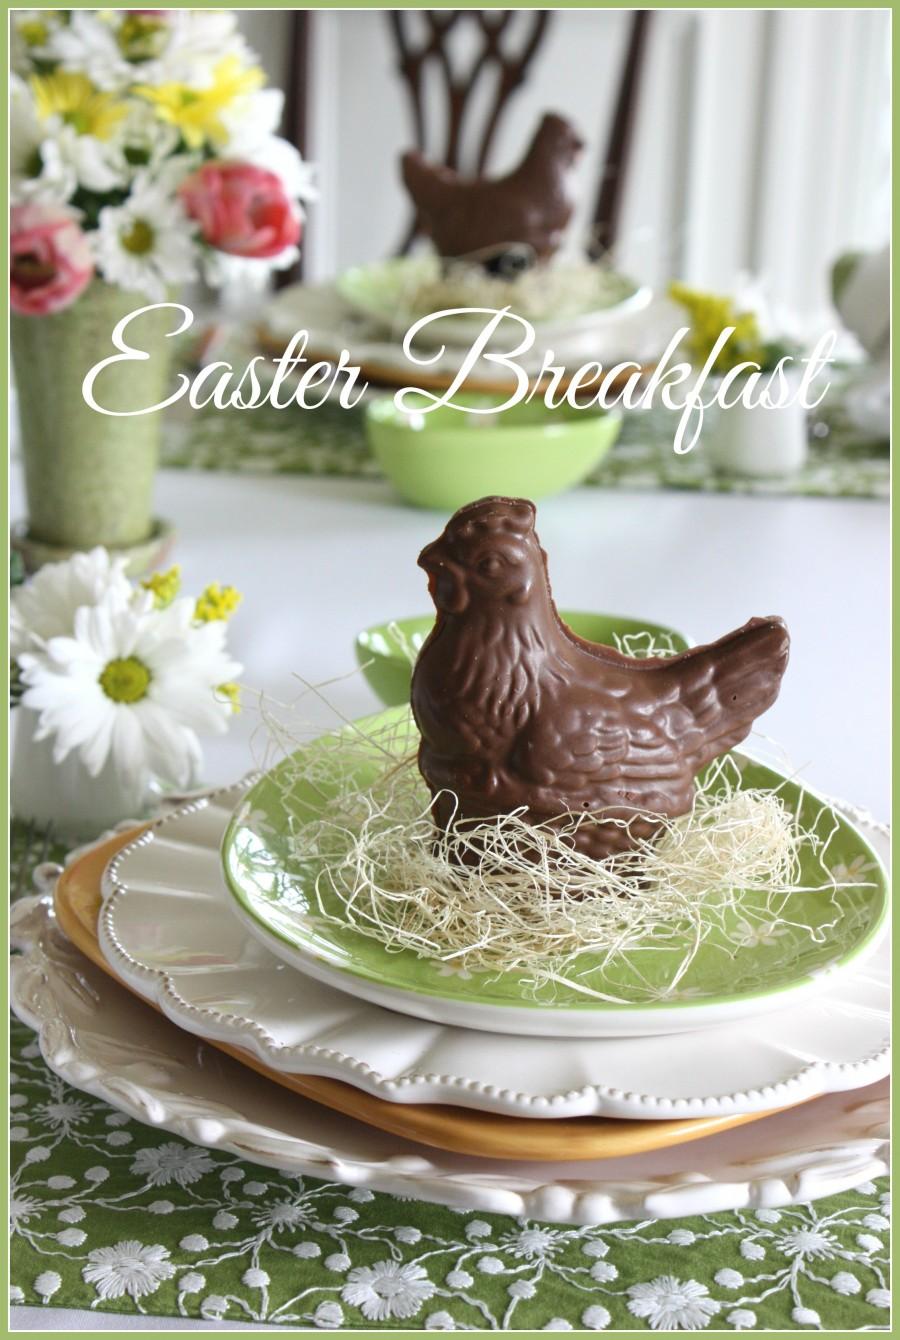 EASTER BREAKFAST-easy and sweet-stonegableblog.com
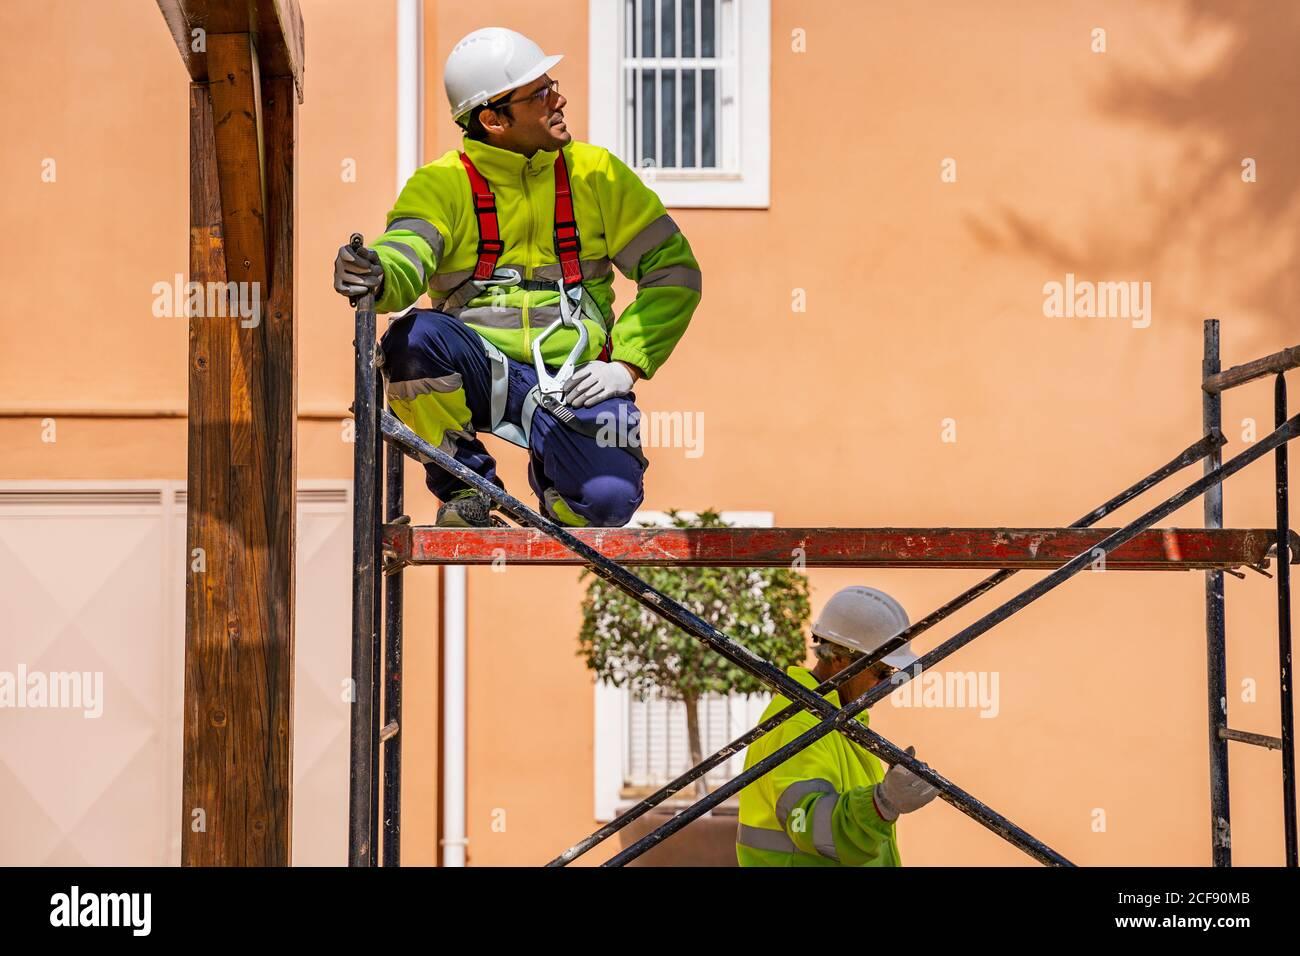 Ingénieur professionnel en uniforme et casque assis sur un échafaudage et regarder loin en travaillant avec un collègue sur l'entretien de l'électricité équipement près du bâtiment résidentiel Banque D'Images
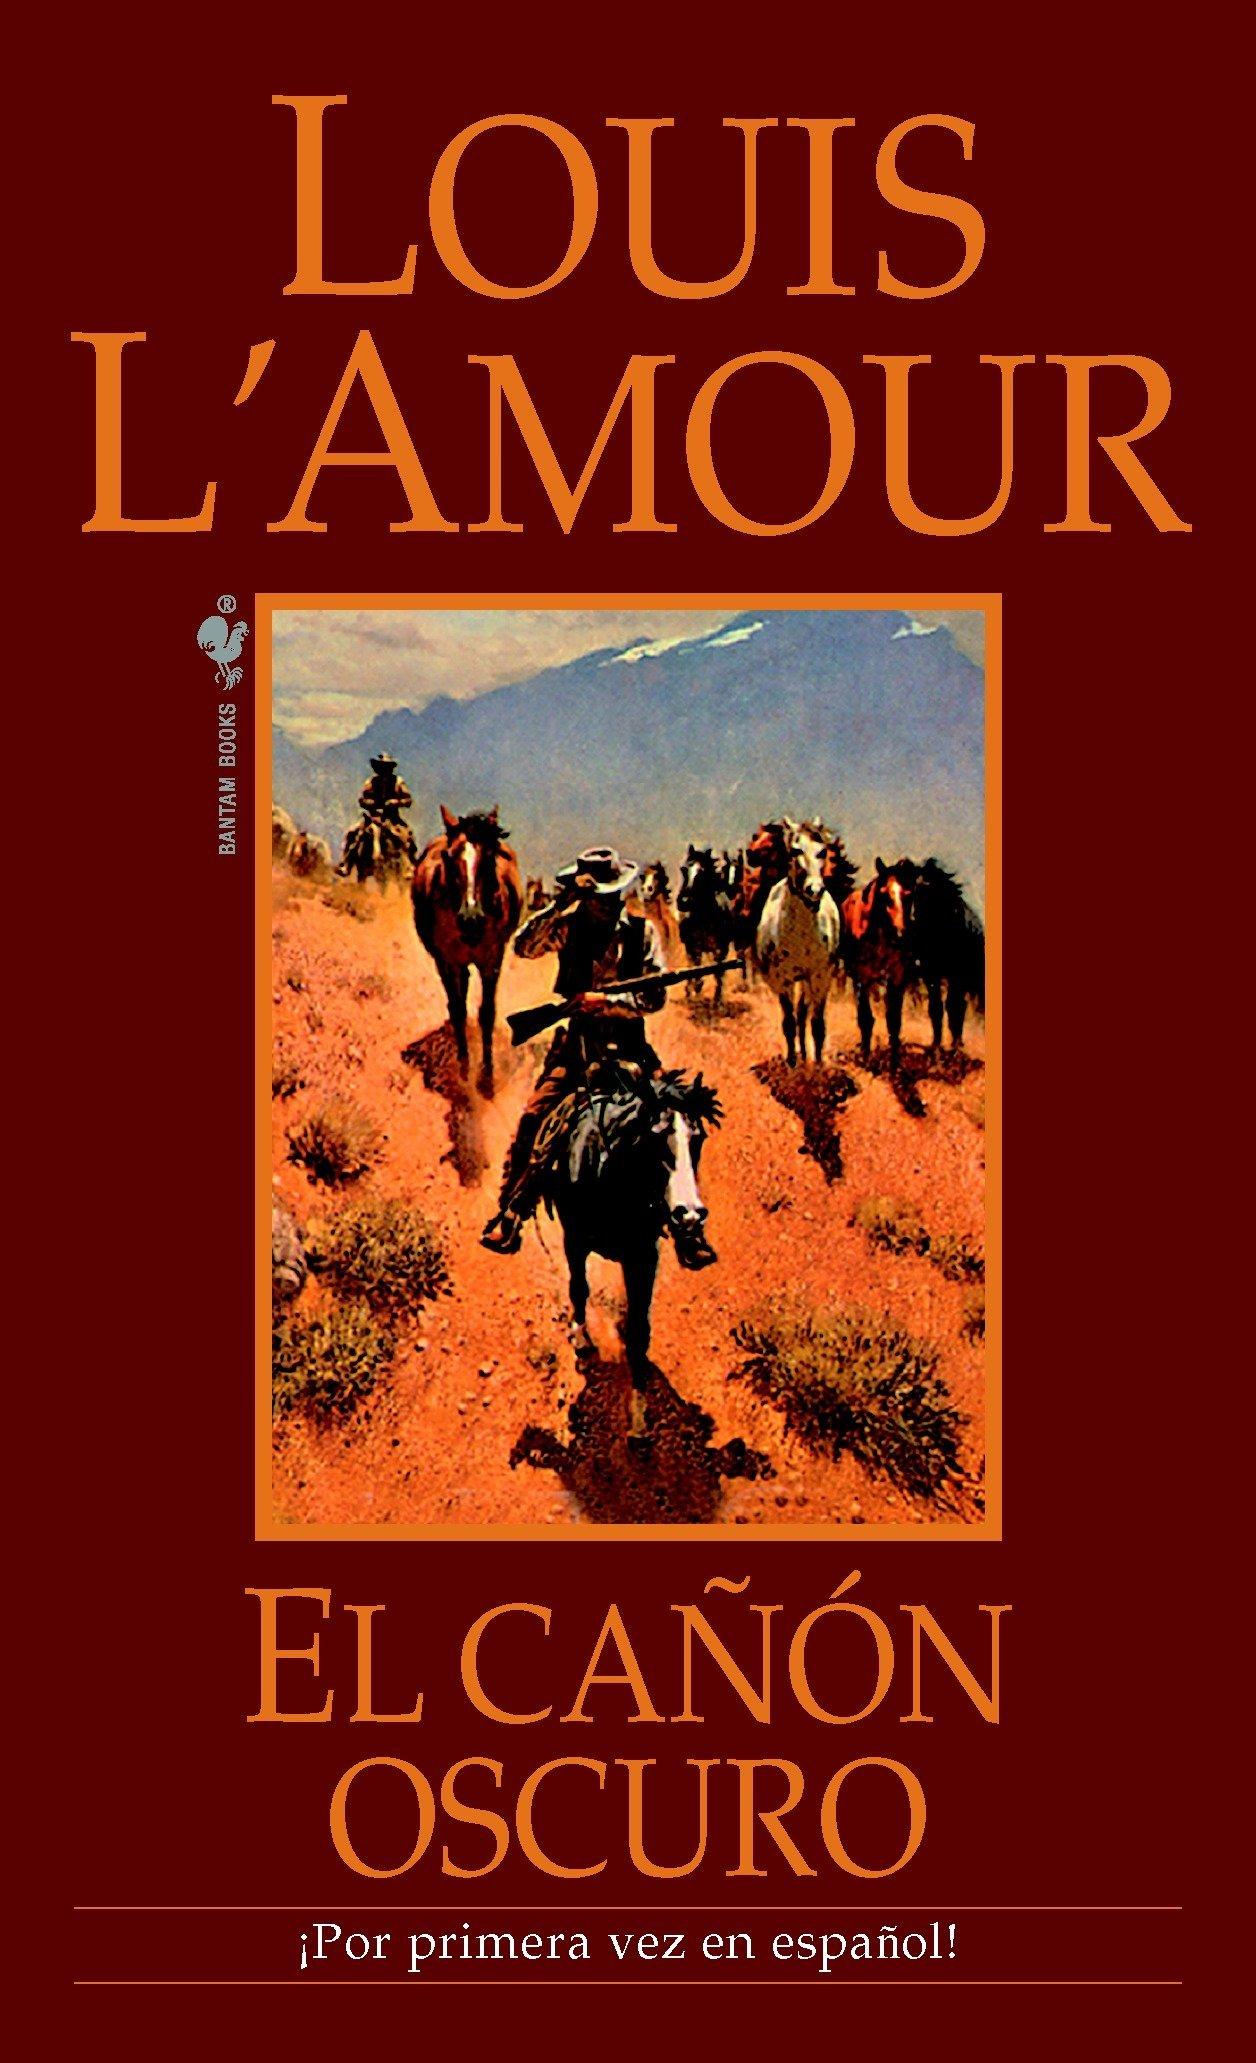 Amazon.com: El Canon Oscuro: Una novela (9780553591958): Louis LAmour: Books

####################

■ **Exercise brief**: Please retype the data exactly, but do not carry over any picture.

■ **Response to the task**:
 EASTER BREAKFAST-easy and sweet-stonegableblog.com
 Ingénieur professionnel en uniforme et casque assis sur un échafaudage et regarder loin en travaillant avec un collègue sur l'entretien de l'électricité équipement près du bâtiment résidentiel Banque D'Images
 Amazon.com: El Canon Oscuro: Una novela (9780553591958): Louis LAmour: Books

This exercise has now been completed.